Anyone with experience applying for subsidized housing is aware of the long waiting lists and restrictions that prevent tenants from accessing it. Shelters are constantly overloaded and underfunded, and neighborhood residents are reluctant to allow new shelters in their neighborhoods. The motels are booked for the tourist season and as a result they are unwilling or unable to accept people with motel packages from their local support team. People are forced to pay an increased price for temporary housing while they continue the tedious search for vacant apartments.

Although the moratorium prevented evictions due to non-payment of rent, no safeguards were put in place for tenants whose homeowners sold their homes. As a result, I get calls from people from all over the state, desperate to find affordable housing. This problem is compounded when you need affordable housing due to your disability, you have a low credit rating, or you have a large family. Some people are unable to pay the ever-increasing monthly rent and utility bills while wages remain unchanged, and generally, homeowners still require a deposit and last month’s rent in excess of it.

For the average person, even if you are digital and literate, finding a vacant apartment close to your place of work, medical staff, daycare, or family members is a seemingly impossible task.

Accommodation is not as affordable as one might think. Availability notices are scattered randomly across print and digital media. You may find one or two rooms available for rent in listings, maybe a legitimate ad tucked under a bunch of scam listings on Craigslist, or reach out to an underfunded and overworked nonprofit to help you find and get a call back days in advance. the way you are. ” re is about to be evicted. Most of us have to search on Facebook, use online listing services that don’t get updated frequently, or surf the couch.

What can a person do?

These problems have been here all along, but they are now exacerbated by this famous property boom and pandemic. Landlords are eager to evict people who haven’t paid their rent, real estate agents are eager to sell properties, and jobs are eager to hire people without raising their wages. Banks are ruthless – they had their greedy hands all along while we all suffered together, waiting for us to squeeze blood out of stone, and there seems to be no oversight to prevent banks and mortgage companies from exploiting us from the top down.

I want to emphasize, from the tenant’s point of view, how cruel it is to evict people living in your newly acquired building. Where is your humanity? The people who rent your property are the reason you can live in your own home. The very nature of a landlord is to take the pay that your tenants take home. The least you can do is work with us to provide us with housing before you evict us.

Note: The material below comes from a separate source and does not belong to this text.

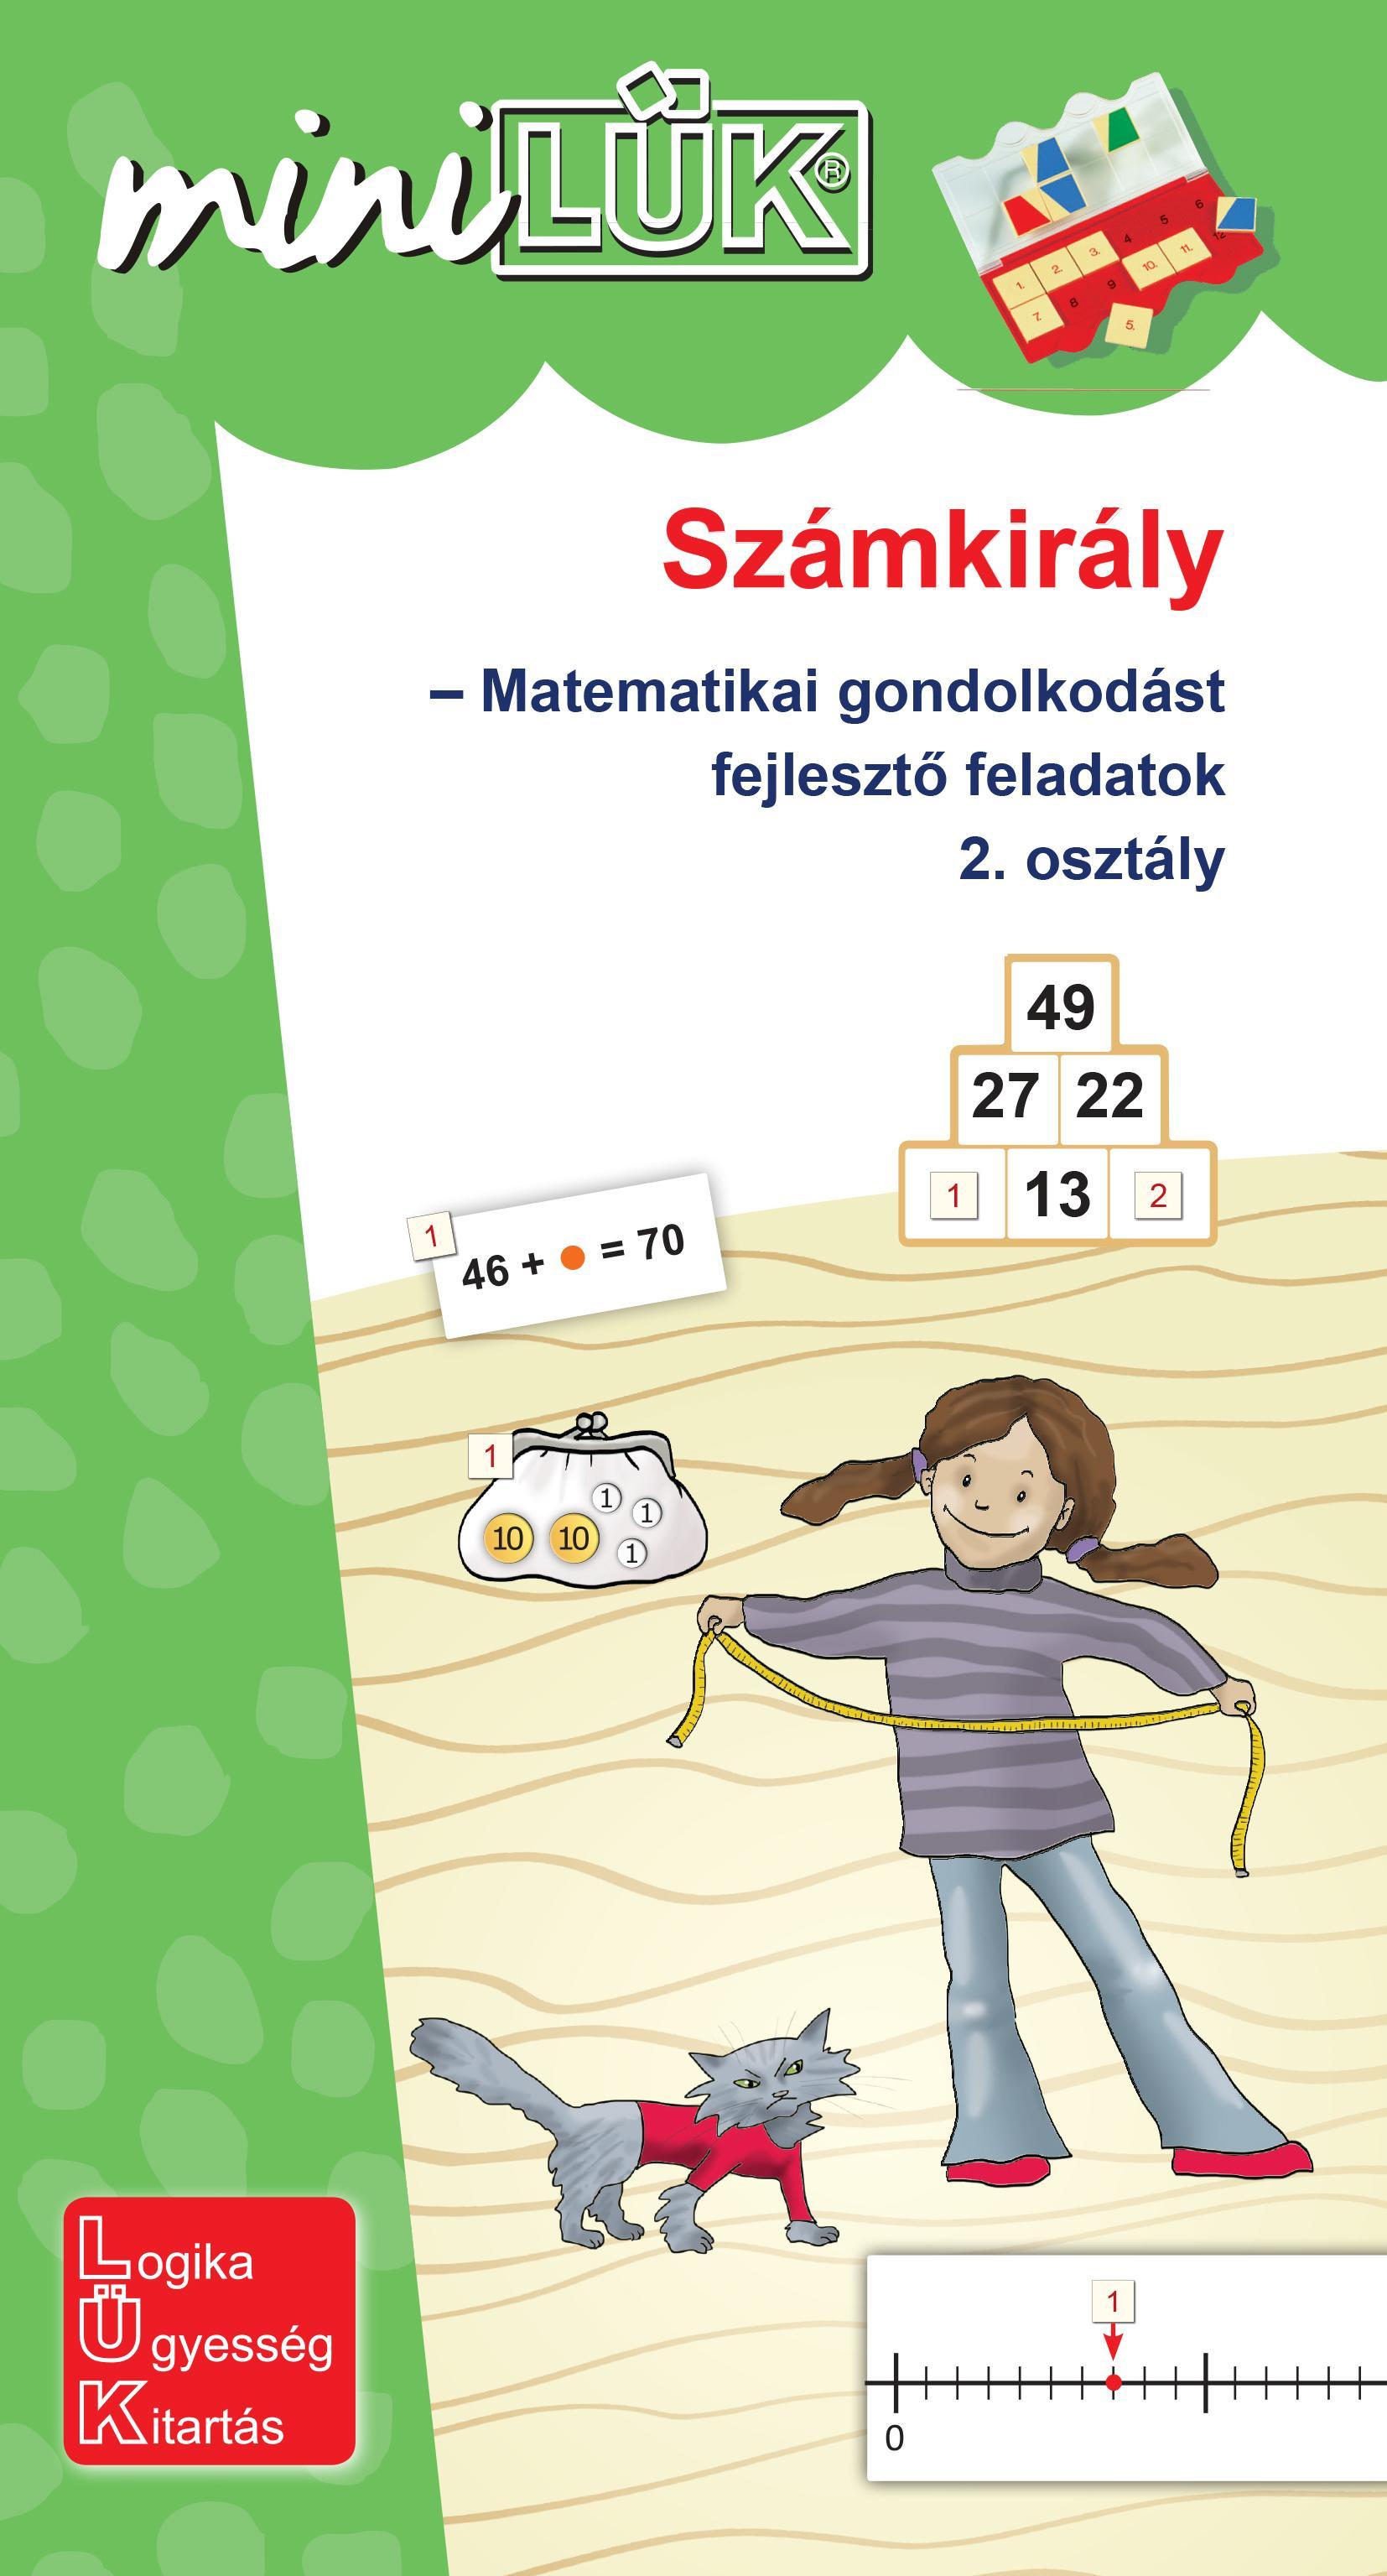 SZÁMKIRÁLY - MATEMATIKAI GONDOLKODÁST FEJLESZTÕ FELADATOK 2. OSZTÁLY - MINILÜK

One solution that I hesitate to point out is the cohabitation of several people from different families. It seems that living alone or with another roommate is no longer realistic for most people – having your own personal space becomes a luxury.

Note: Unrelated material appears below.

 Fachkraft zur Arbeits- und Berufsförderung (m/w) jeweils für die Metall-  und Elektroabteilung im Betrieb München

I wonder if we’ll see a boom in homes that are bought or rented by three or more people just to make ends meet. Will this be the beginning of a more connected life and stronger communities? If I remain hopeful, I would say so.

A long hot summer awaits us, with a new type of pandemic looming on the horizon – homelessness. The sooner we can fight collectively to provide each other with shelter, instead of making a good deal and throwing people into the streets, the better.

It’s not going anywhere. We need to act to the best of our ability. At this stage, it is better to try any idea than nothing.

Dixfield-based Coral Howe works for a non-profit organization that provides Maine residents with housing, food, financial assistance and medical resources.